Has your social security disability claim reached the appeal phase? If so, you’ve probably found yourself having to decide whether you’d like to conduct your appeal via video teleconference (VTC) or in person. As of September 2014, claimants must make this decision within 30 days of receiving notice that their appeal has been scheduled. (Previously, you could object to a VTC at any point leading up to the hearing.) While both appeals are conducted by an Administrative Law Judge (ALJ), there are several advantages to stating your case in person. Now that the window of time to make this critical decision is smaller than ever, it’s in the claimants’ best interest to consider these benefits as early in the process as possible.
If you’re considering taking the VTC option, take the following into account:
- It’s usually easier to demonstrate your credibility when you’re face-to-face.

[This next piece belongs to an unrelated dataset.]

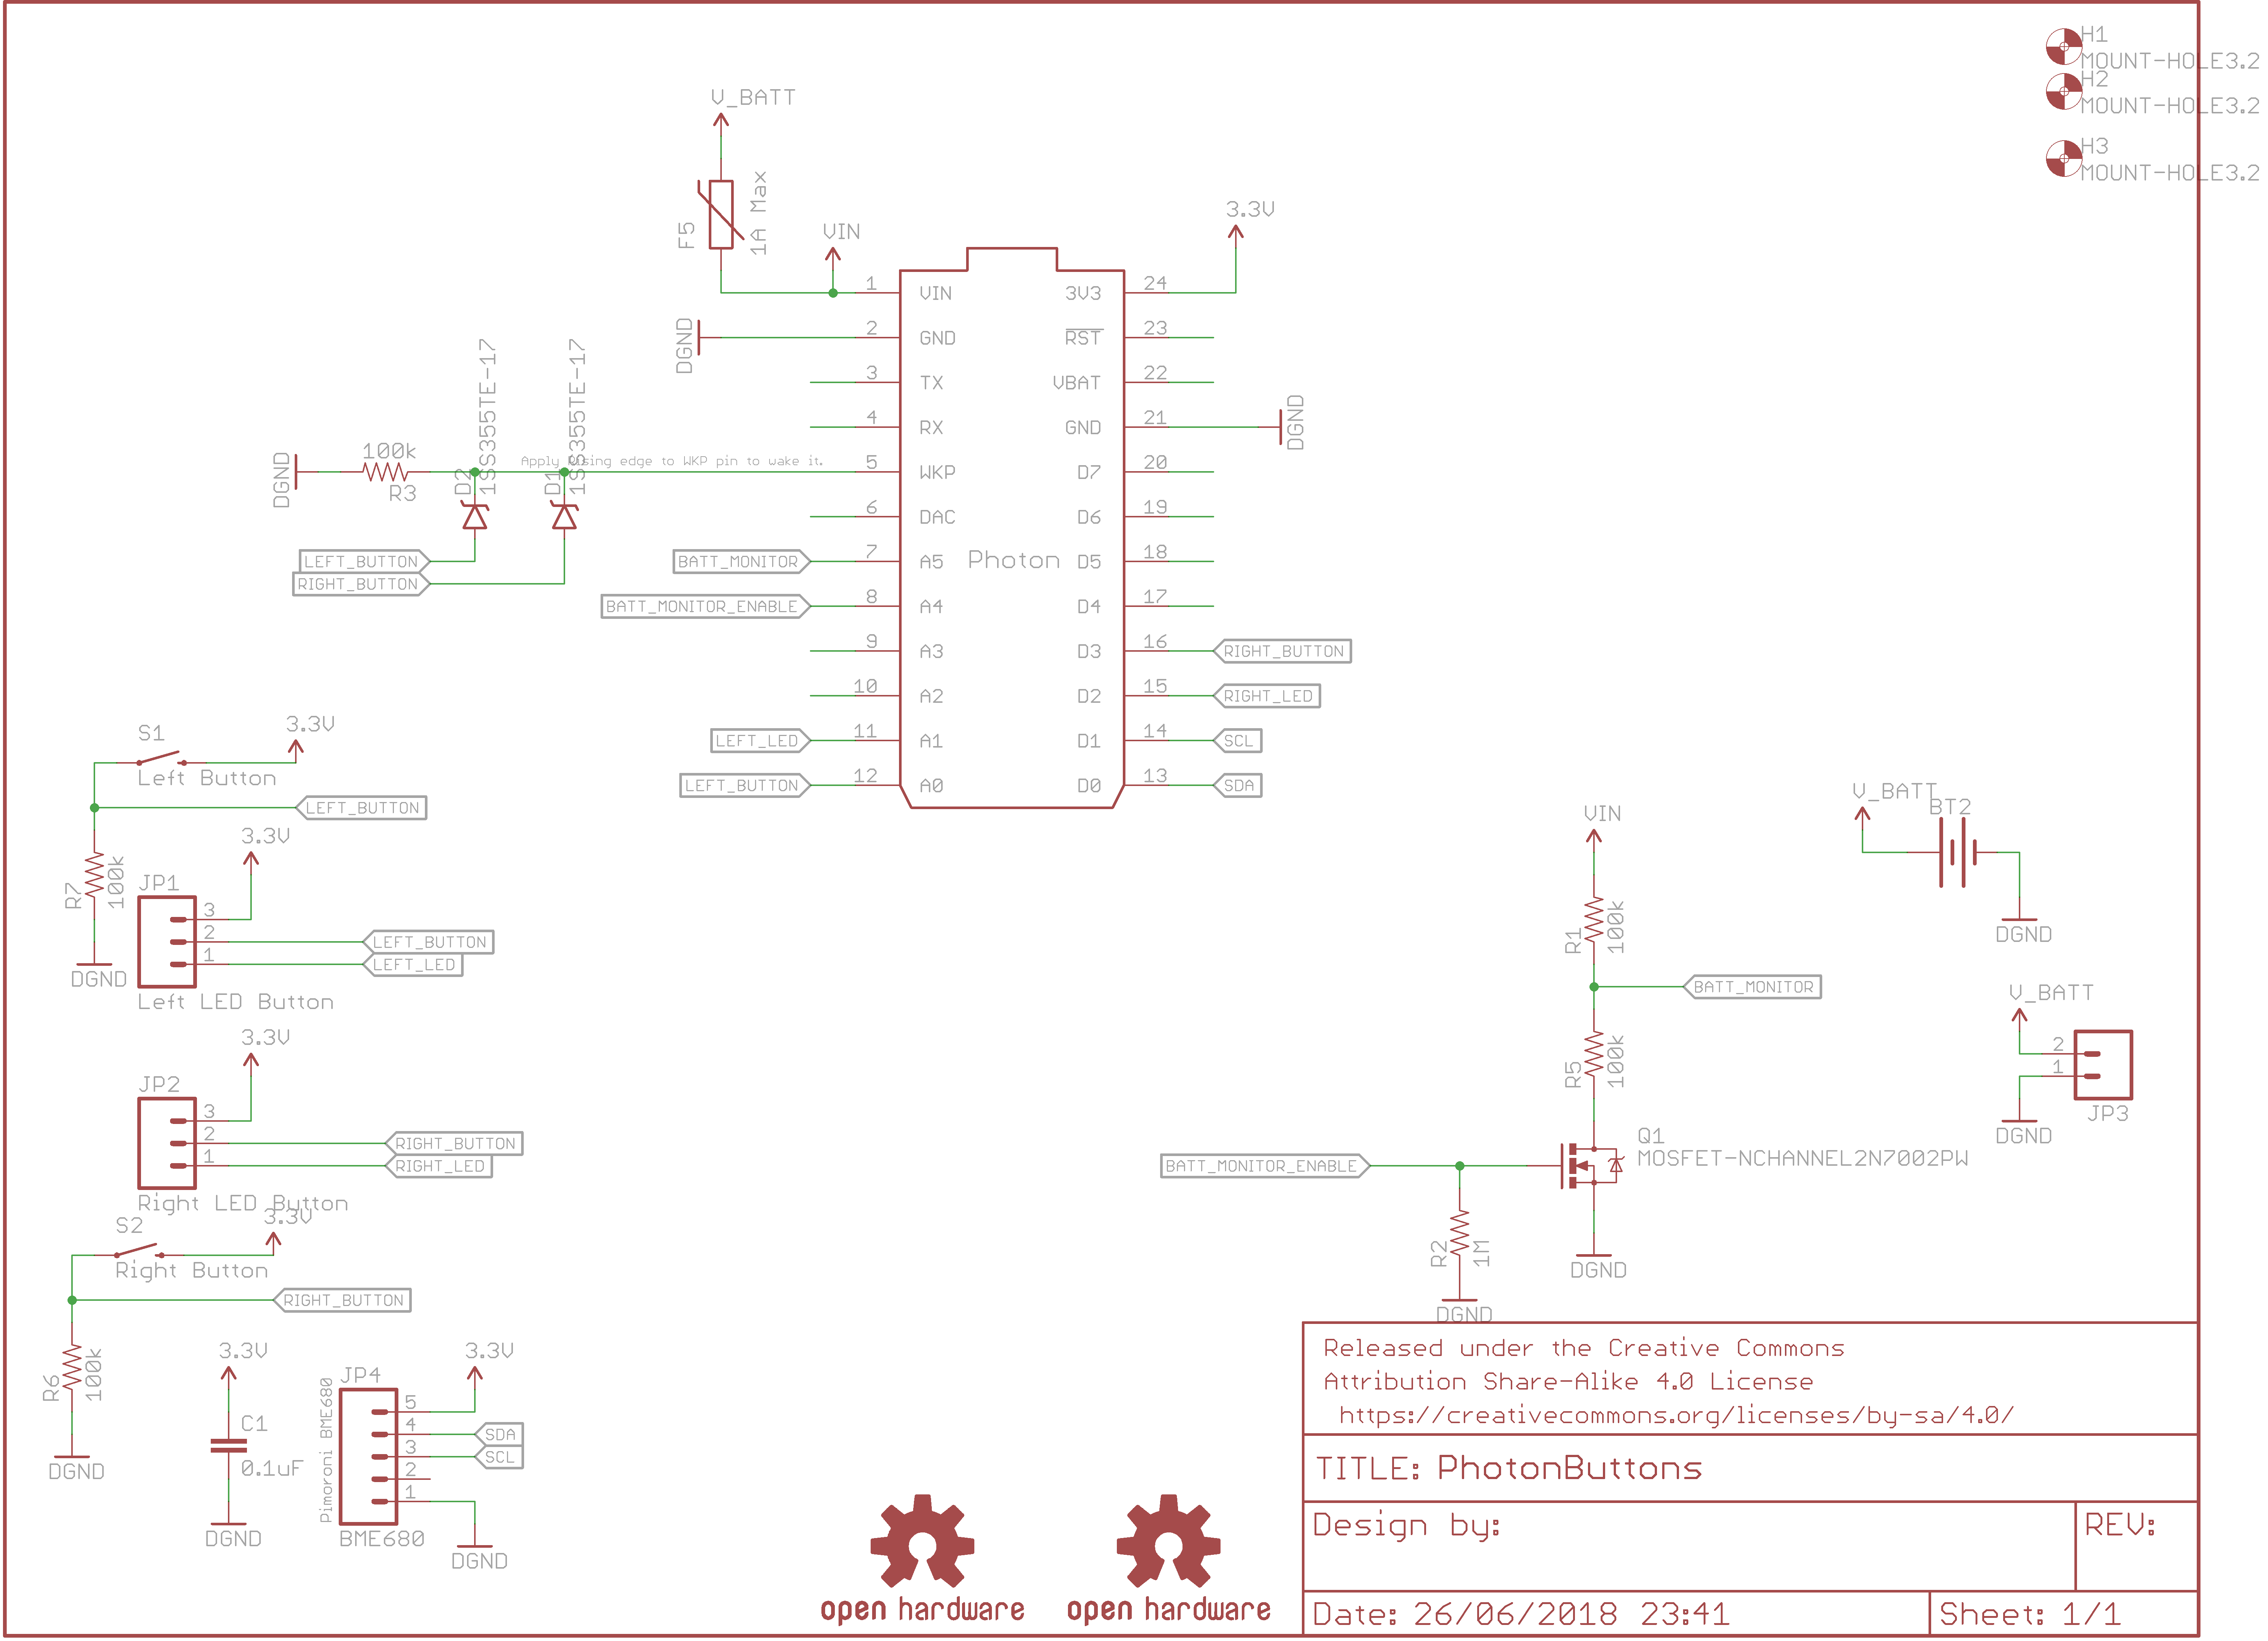 Schematic jrwkif7qj7
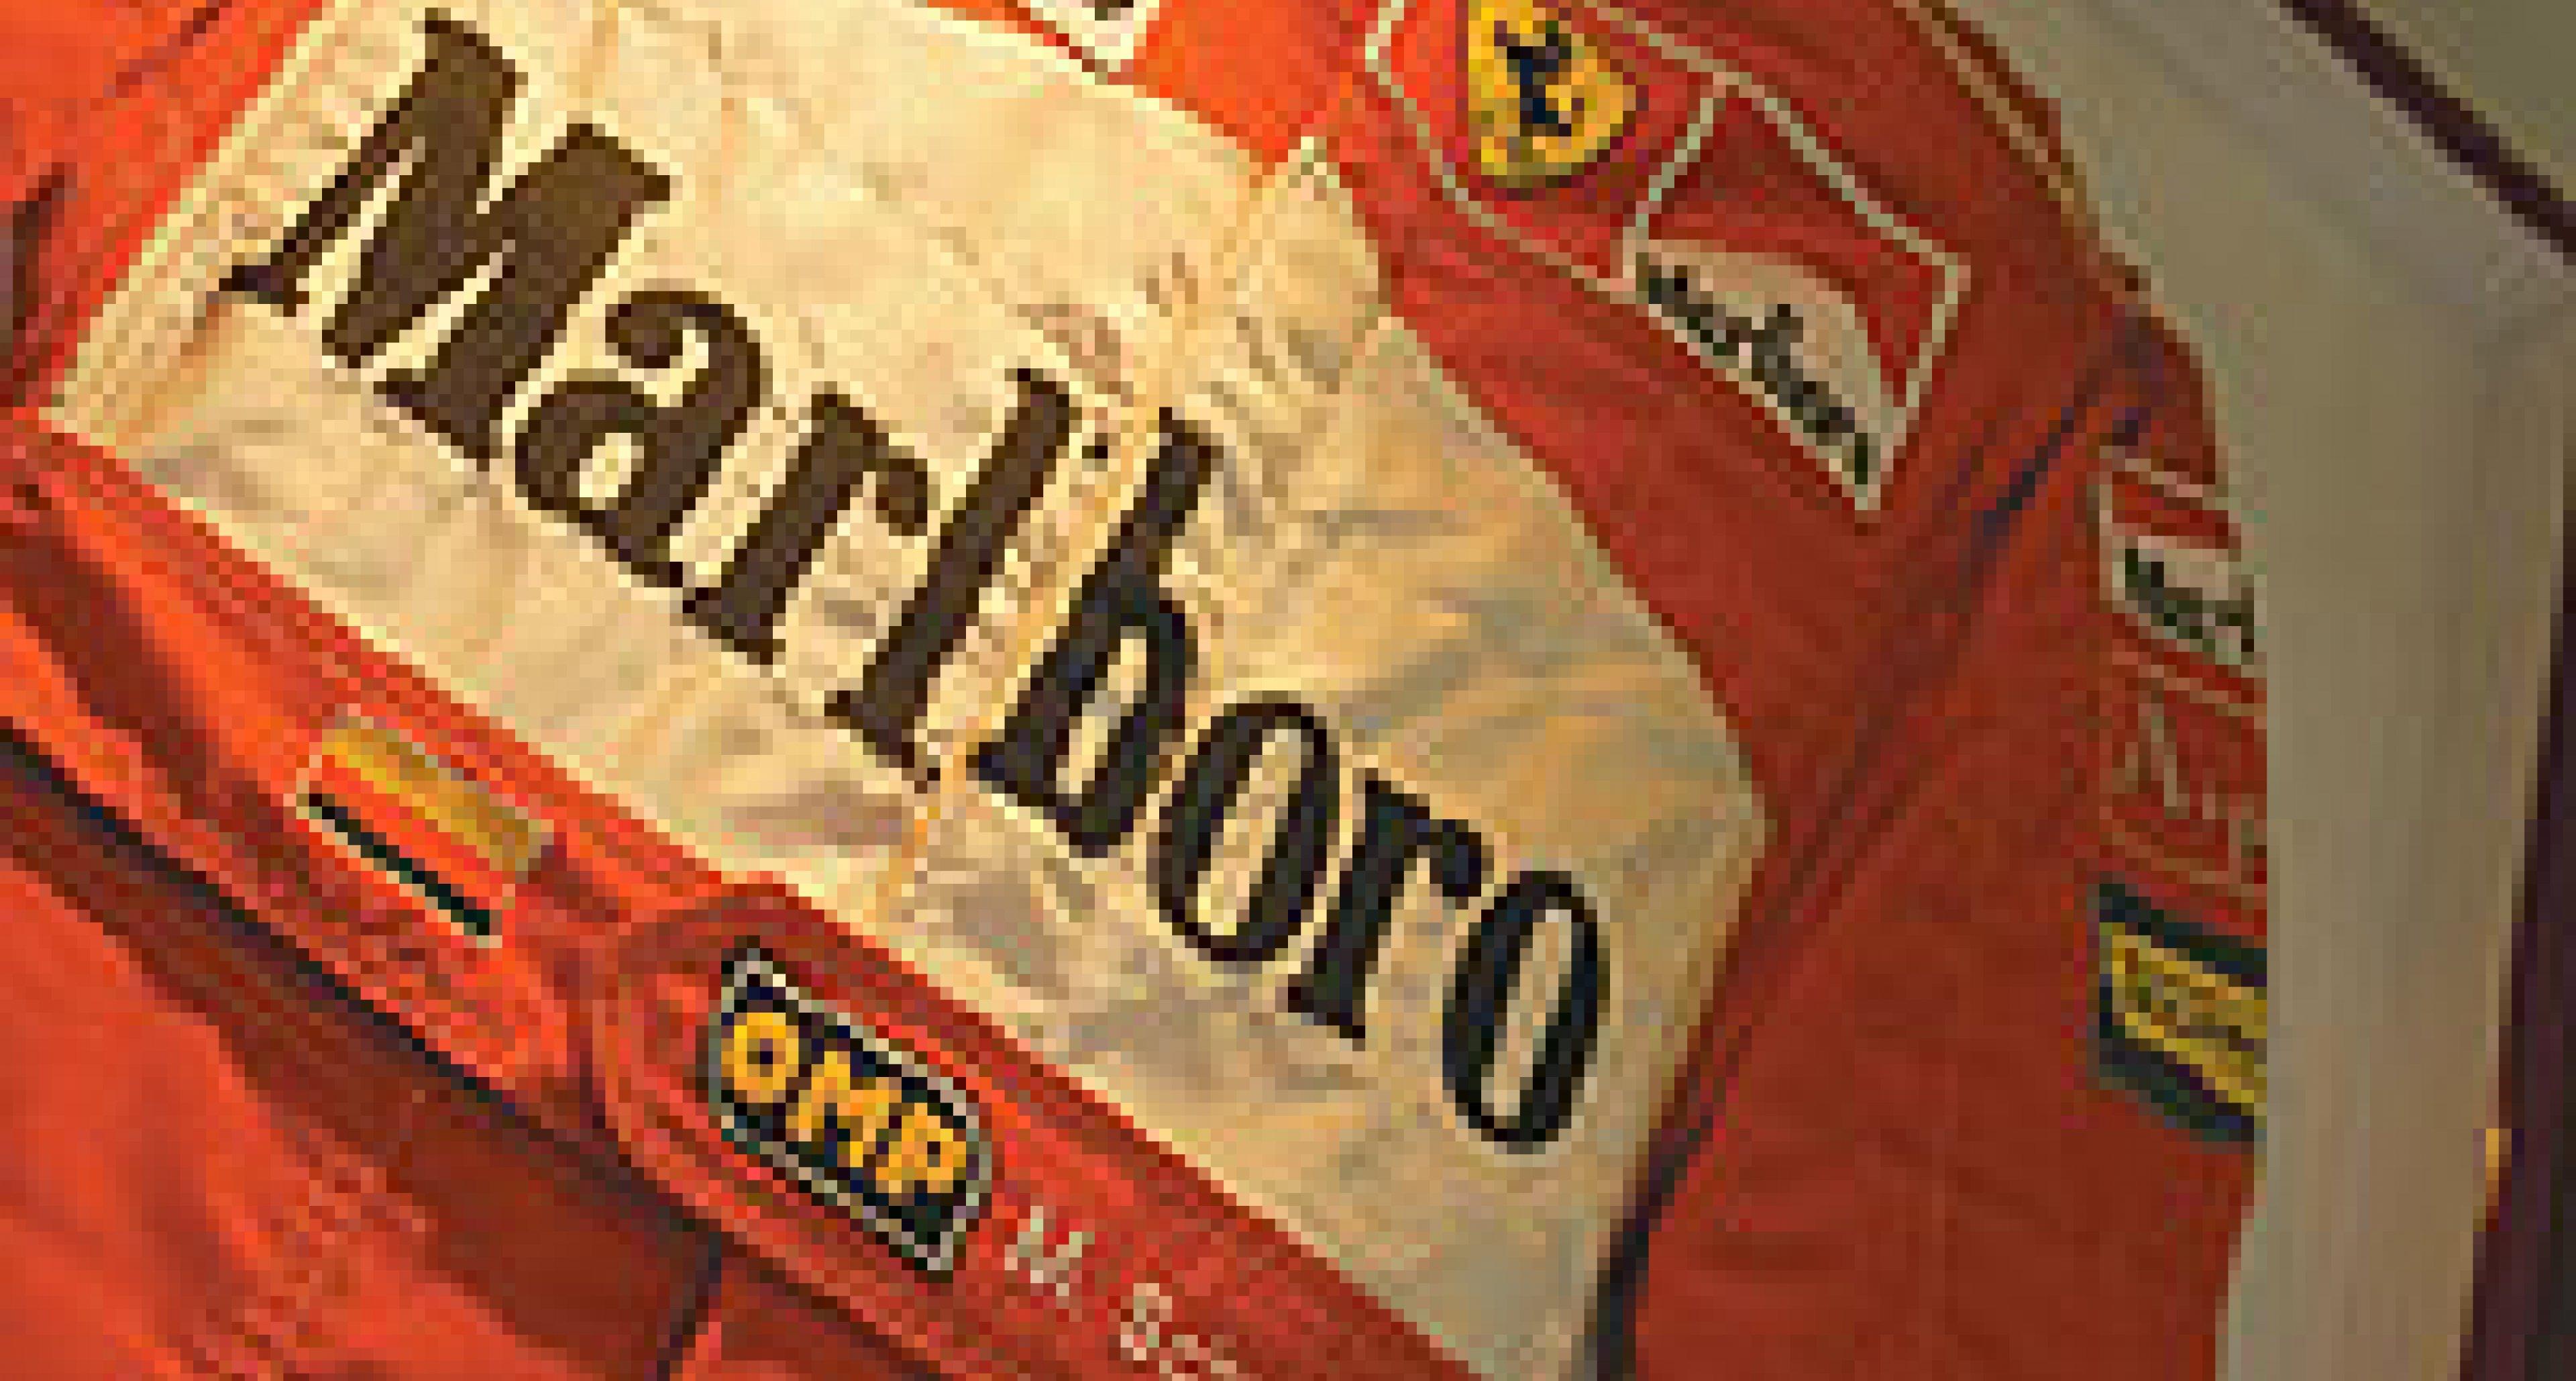 Fiorano Ferrari

Remember that not all disabilities are readily visible on medical scans or even on your person. If you are arguing for a mental impairment or a physical issue like fibromyalgia that isn’t visually obvious, the strength of your case relies on your ability to convince the judge with words alone. Consider that he or she will not be able to assess the sincerity in your eyes as you answer questions or identify the same nuanced behaviors (wincing in pain as you sit down, limping, etc.) that otherwise might have been recognized in the courtroom.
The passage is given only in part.